Transcutaneous angioplasty of experimental aortic coarctation

J. E. Lock, T. Niemi, B. A. Burke, S. Einzig, W. R. Castaneda-Zuniga

Research output: Contribution to journalArticlepeer-review

149 Scopus citations


A dilatable form of juxtaductal aortic coarctation was surgically created in 29 newborn lambs. Of the 17 long-term survivors, four lambs served as controls and 13 underwent transcutaneous balloon dilation angioplasty with either polyvinylchloride or polyethylene catheters after 7-10 weeks of recovery. During growth before dilation, there was little change in the systolic gradient across the coarctation (36.6-35.3 mm Hg) despite an increase in animal weight from 3.8 to 19.3 kg. This systolic gradient remained constant in undilated lambs throughout a 6-month follow-up. Dilation produced an immediate 65% increase in the diameter of the coarctation and 68% decrease in the systolic gradient across the coarctation site. Successful dilation required very high (6-8 atmospheres) dilating pressures. This gradient relief persisted throughout a follow-up of up to 1 year.

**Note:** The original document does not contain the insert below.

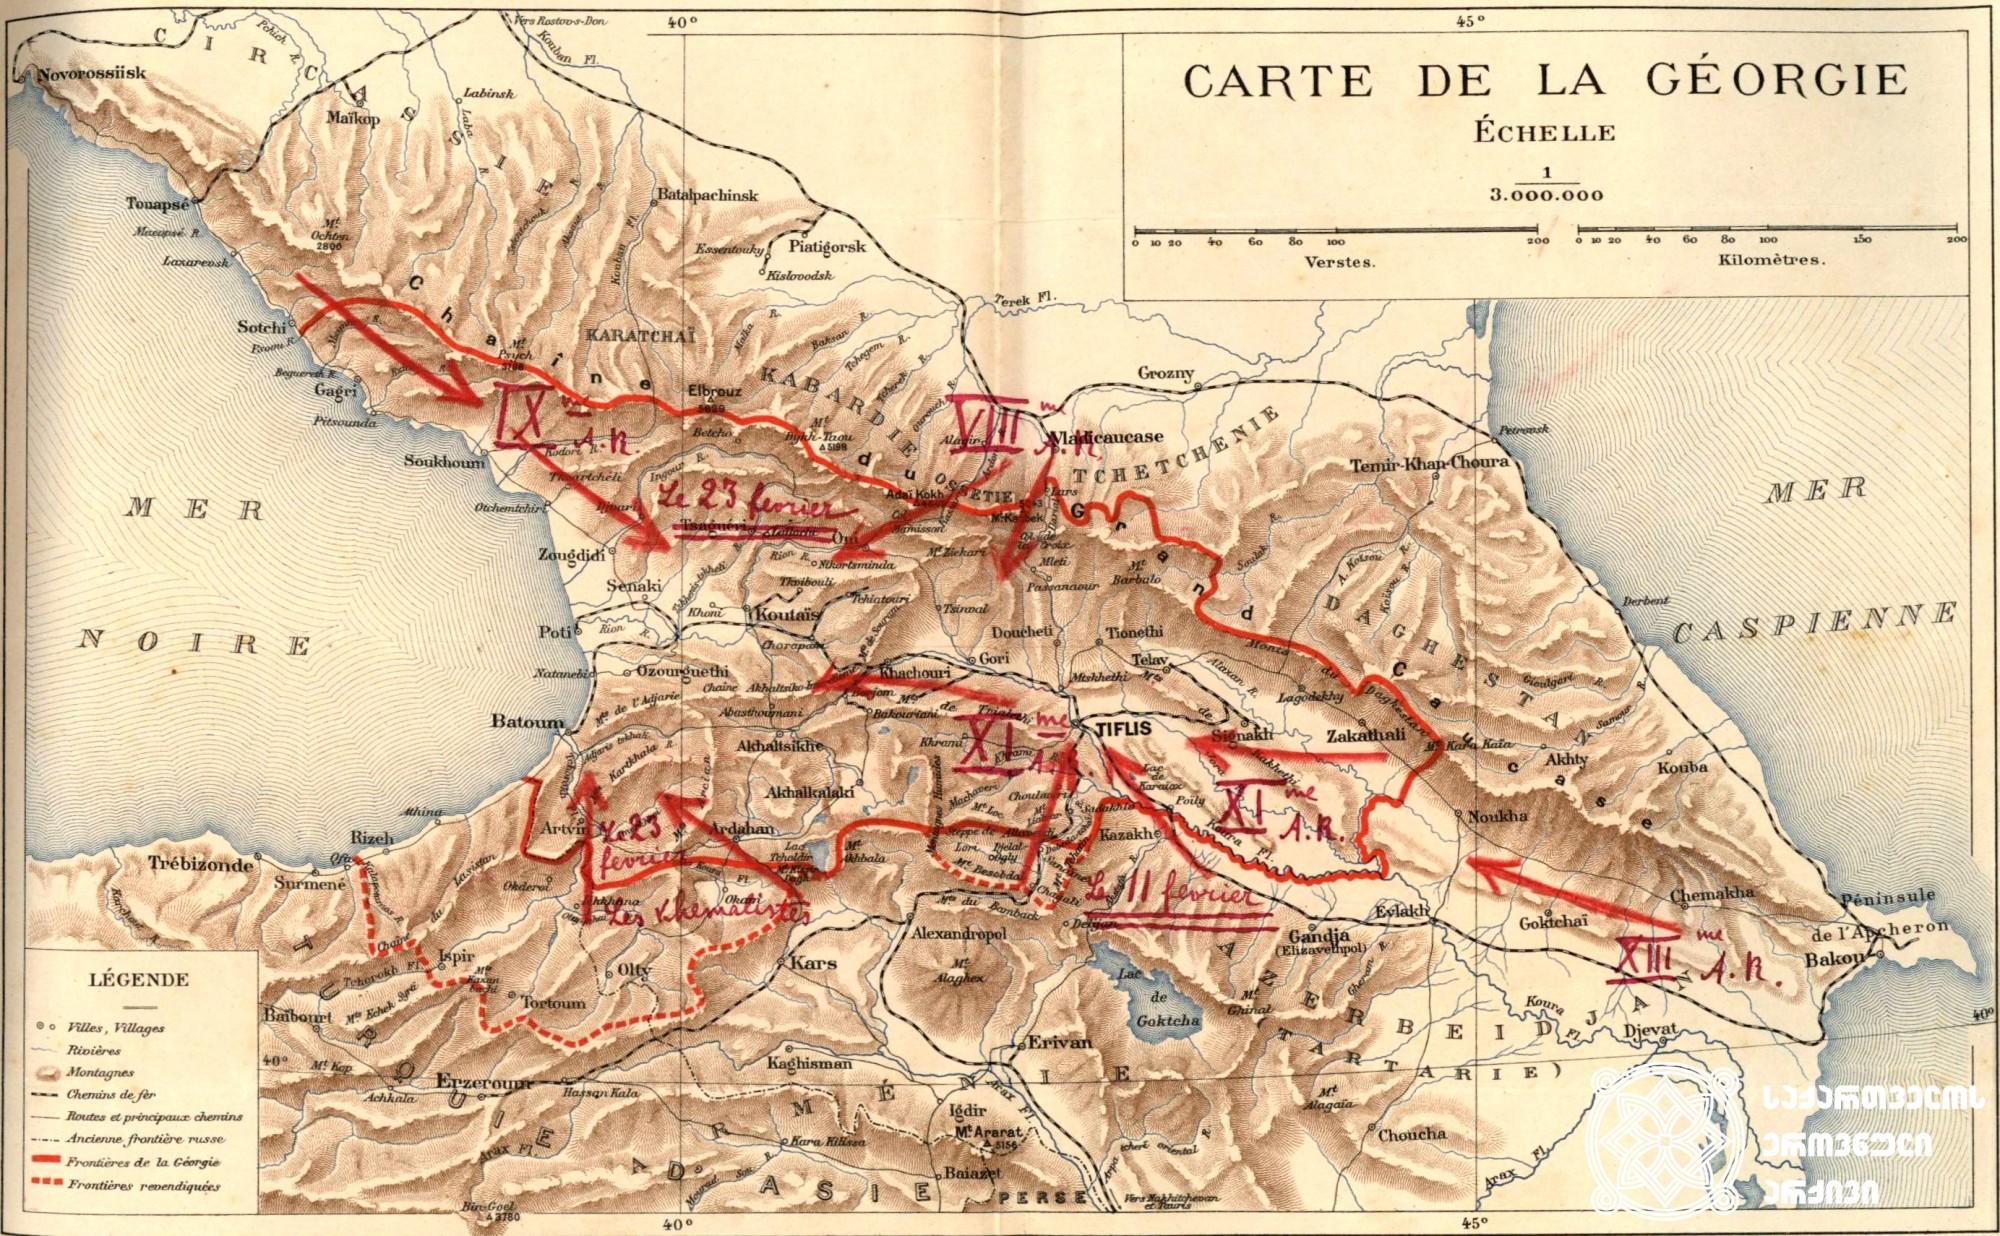 რუსული ოკუპაციის ამსახველი რუკა საქართველოს დემოკრატიული რესპუბლიკის დამფუძნებელი კრების თავმჯდომარის ნიკოლოზ (კარლო) ჩხეიძის დოკუმენტებიდან. <br>  The map, depicting the Russian occupation, from the documents of Nikoloz (Carlo) Chkheidze, Chairman of the Constituent Assembly of the Democratic Republic of Georgia.

Although no late sequelae could be attributed to the angioplasty, one lamb suffered an anterior aortic tear (associated with a difficult postdilation wire passage across the dilation site), which resulted in fatal intrathoracic hemorrhage. Gross pathologic inspection demonstrated intimal and medial tears in successfully dilated lambs in the first 3 days after dilation; on late pathologic examination, the intima appeared completely healed, without evidence of aneurysms or accelerated atheroma formation, within 2 months. These results, in conjunction with previous human in vitro studies, support the hypothesis that human aortic coarctation may be a dilatable lesion, although the safe limits and optimal protocols for dilating human coarctations are not known.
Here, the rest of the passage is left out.